Despite statements by federal officials last summer about tying federal spending for schools to reopening plans, Washington will not have to withhold spending for schools to feel the effects of frustrated parents.

At the start of the school year, schools in Washington, D.C., were reporting a drop in enrollment of 13%. Houston is reporting 7% fewer students; Orlando, Florida, a decline of 5%; and in Nashville, Tennessee, enrollment is down nearly 5%.

Meanwhile, private school closures have slowed, and since the middle of the summer, homeschooling numbers have soared.

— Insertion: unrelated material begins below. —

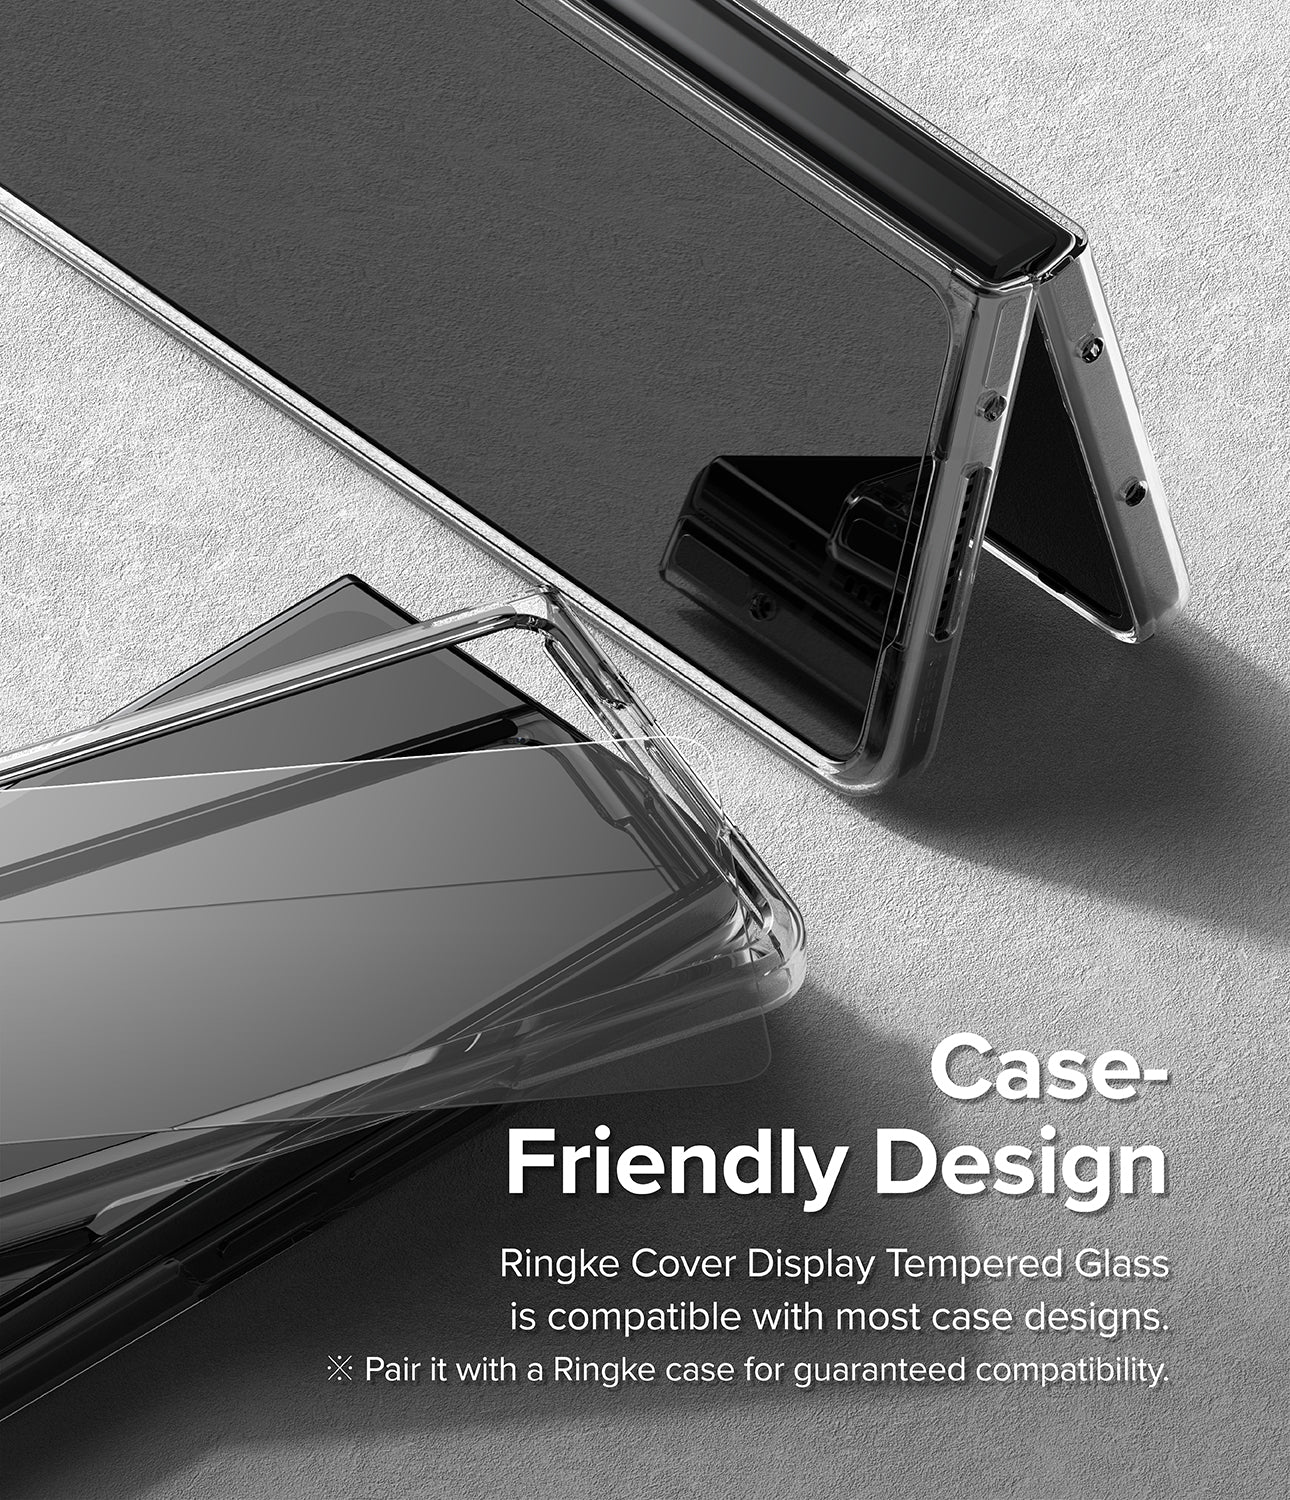 Galaxy Z Fold 4 Combo | Case + Screen Protector + Cover Display Glass

In Connecticut, homeschool advocates are reporting higher figures than ever before, and interest in homeschooling has “exploded,” according to Minnesota Public Radio. The Texas Homeschool Coalition reports a 400% increase in students compared with last year.

Similar news can be found around the country. Learning pods, where parents bring together small groups of children during the school day to learn, continue to spread, and with each passing day, pods become less of a fad and more of a permanent solution.

Local school leaders’ evaluations of the health evidence remain a mystery, and many officials have not met parent and student needs during the pandemic. Now, families are leaving, reminding everyone that we should make students the priority of policy solutions, not the system.

Federal and state policymakers have used the bully pulpit to implore schools to reopen, but the most effective persuasion will be the kind that assigned district schools like the least – namely, fewer students.